» DATA SECTION:
******

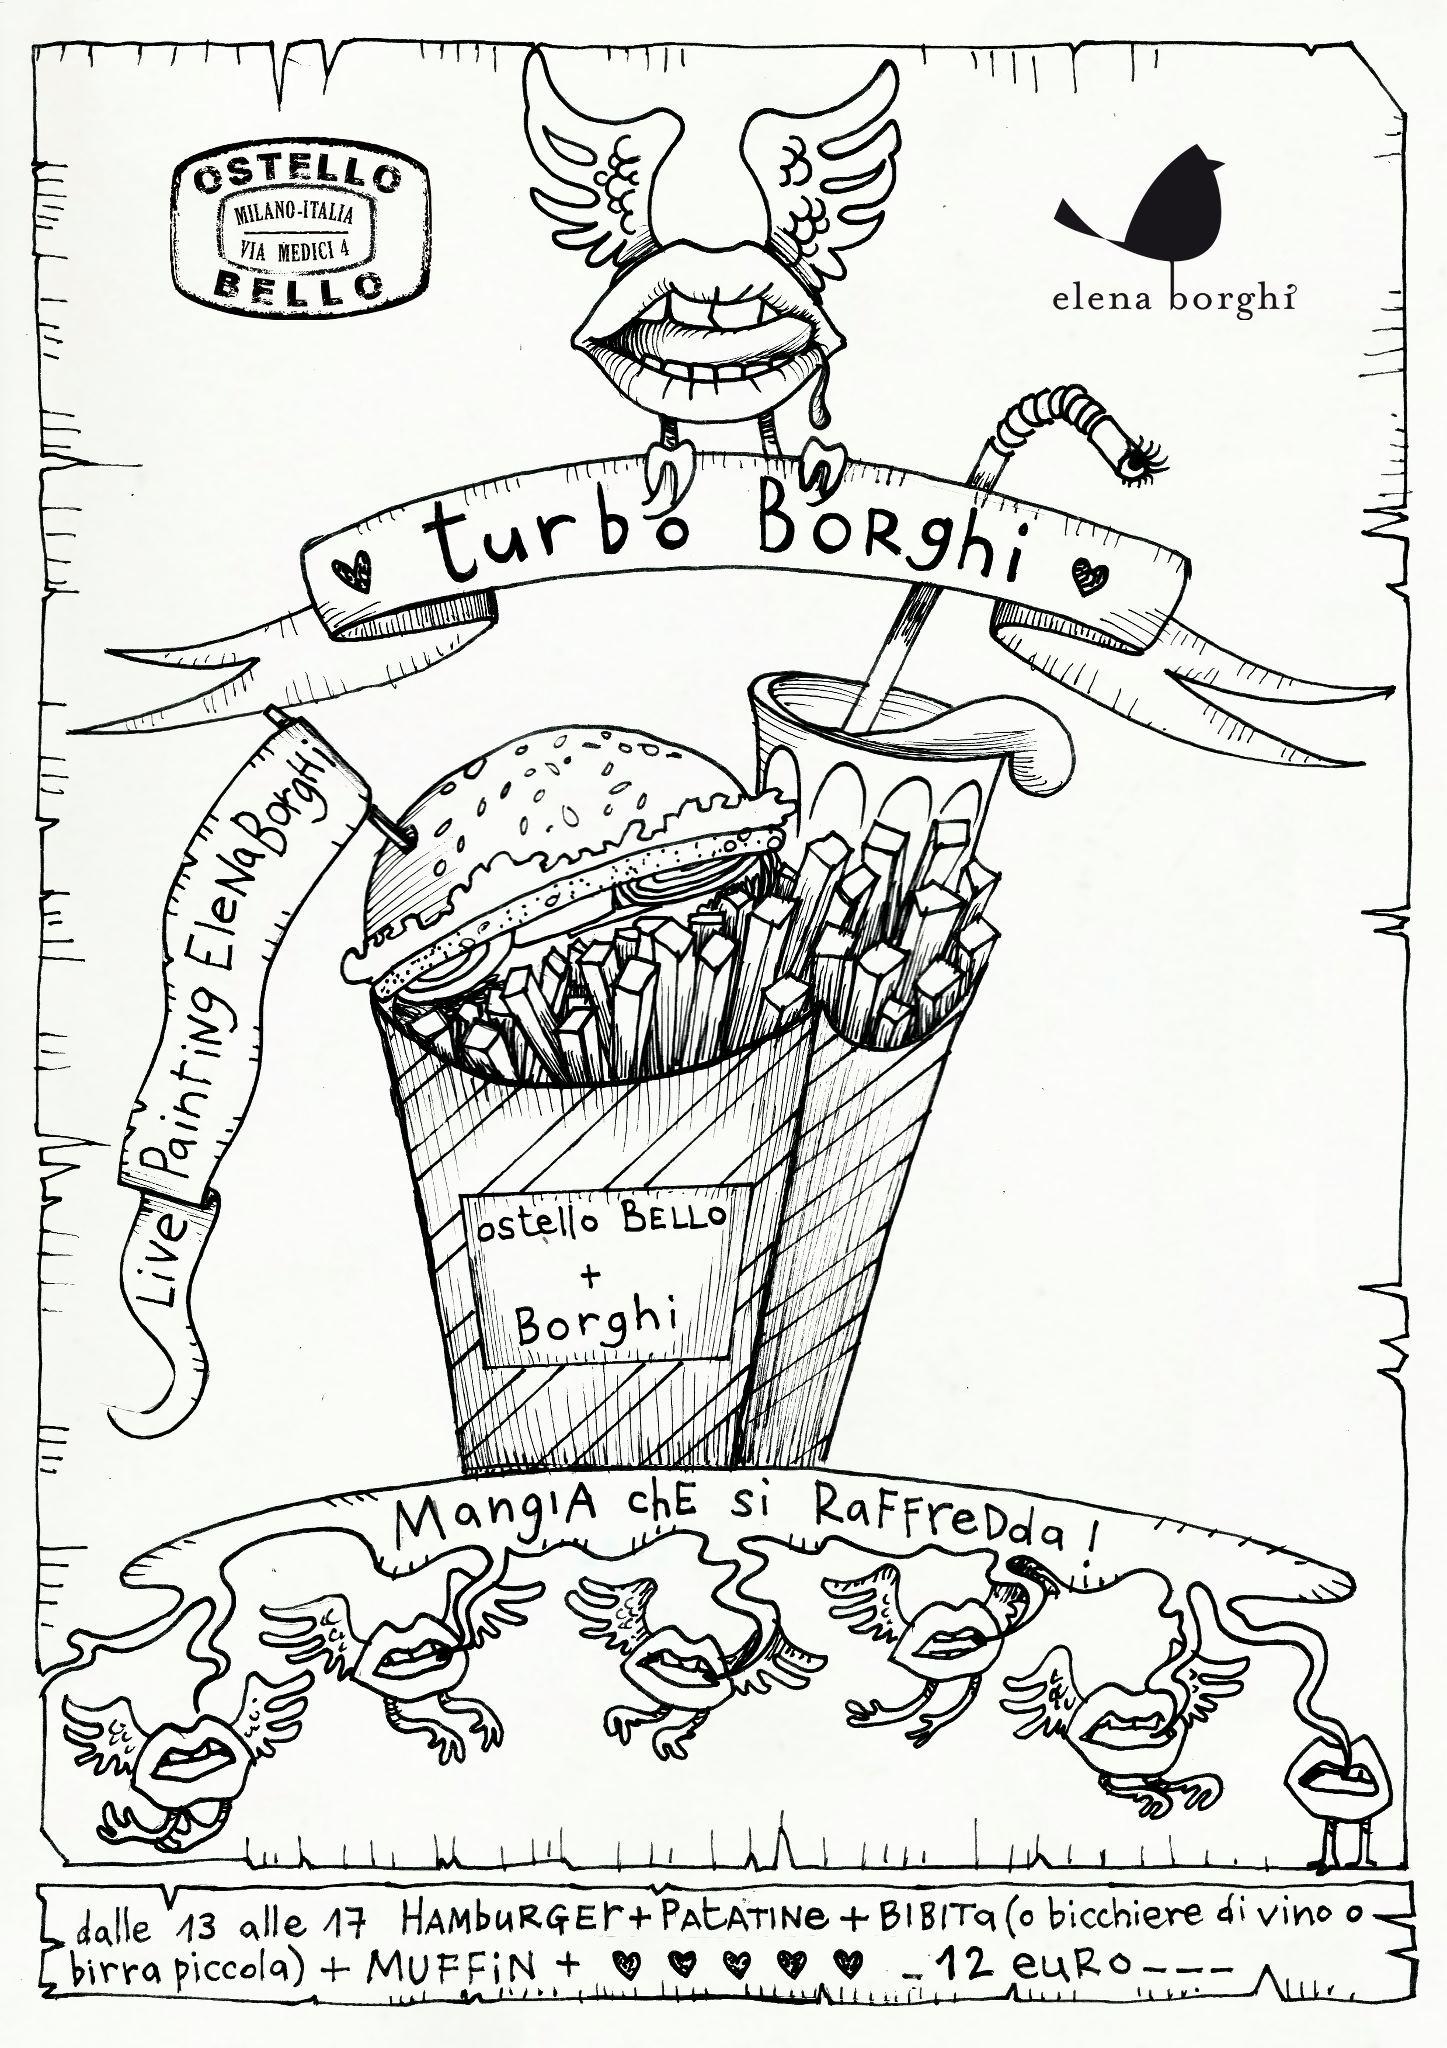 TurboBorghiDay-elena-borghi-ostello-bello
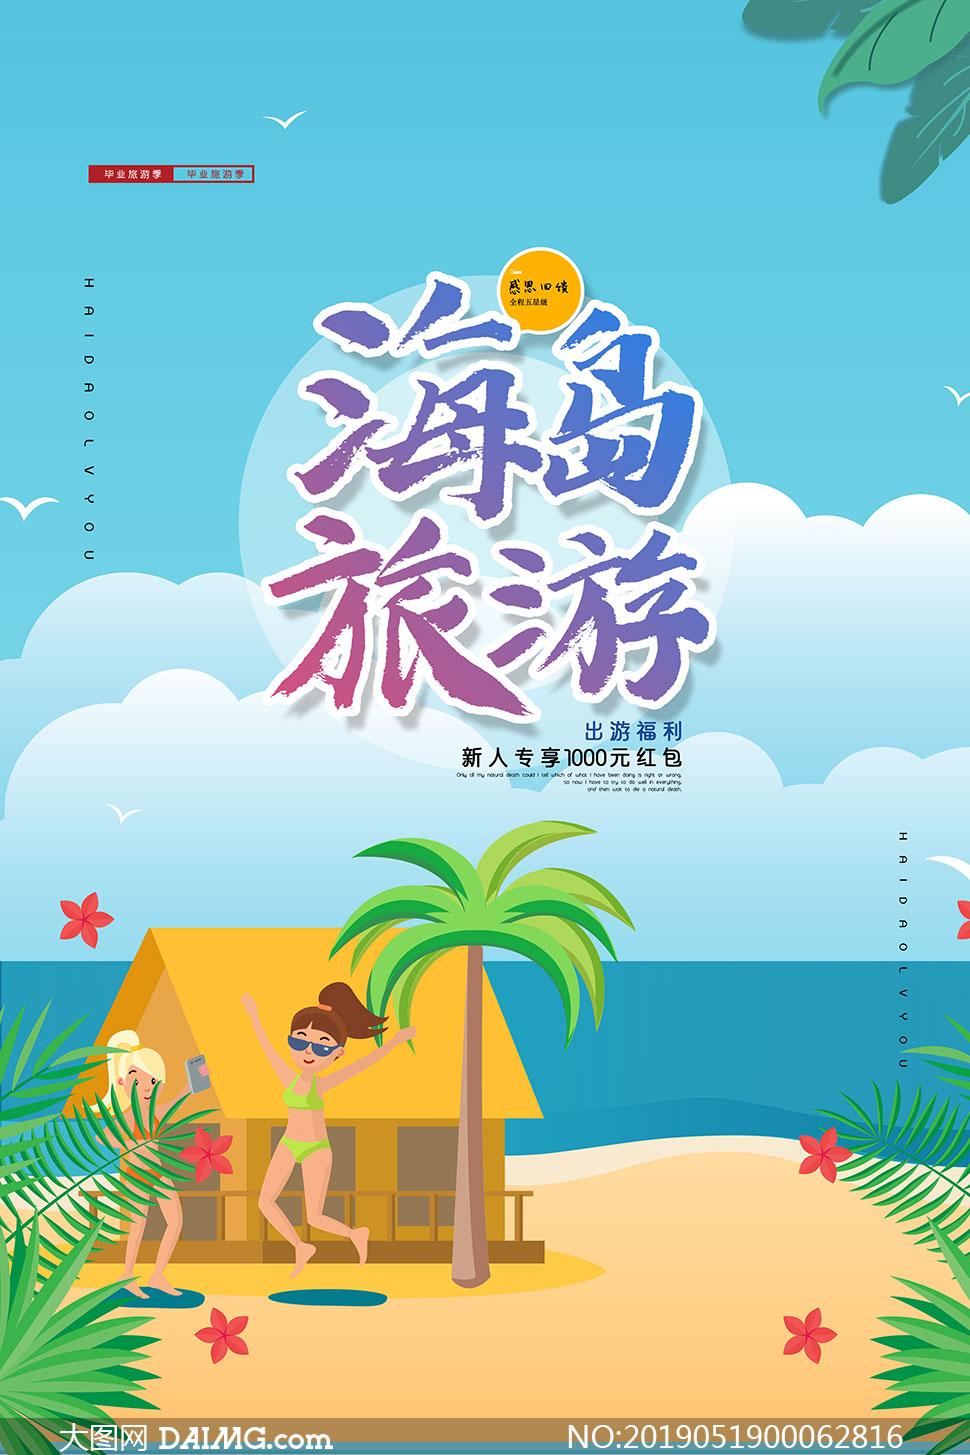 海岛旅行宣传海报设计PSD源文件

******

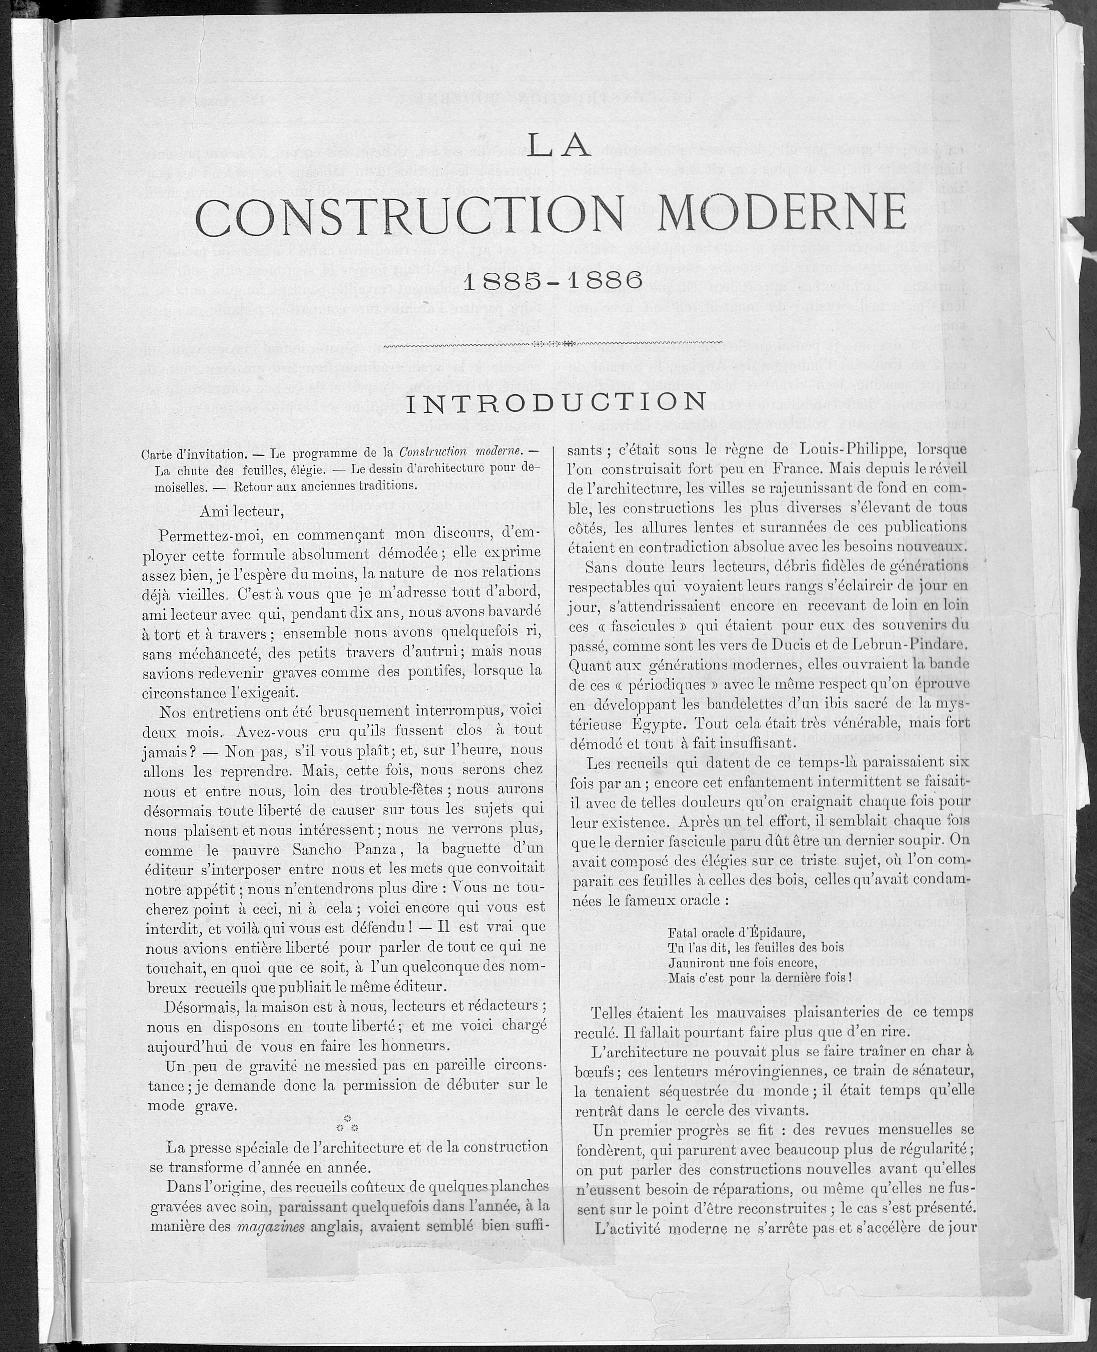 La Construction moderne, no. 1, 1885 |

******

With the pictures omitted, print the lines above exactly, beginning at the line with "TurboBorghiDay-elena-borghi-ostello-bello" and going on through the line with "海岛旅行宣传海报设计PSD源文件".

 TurboBorghiDay-elena-borghi-ostello-bello
 海岛旅行宣传海报设计PSD源文件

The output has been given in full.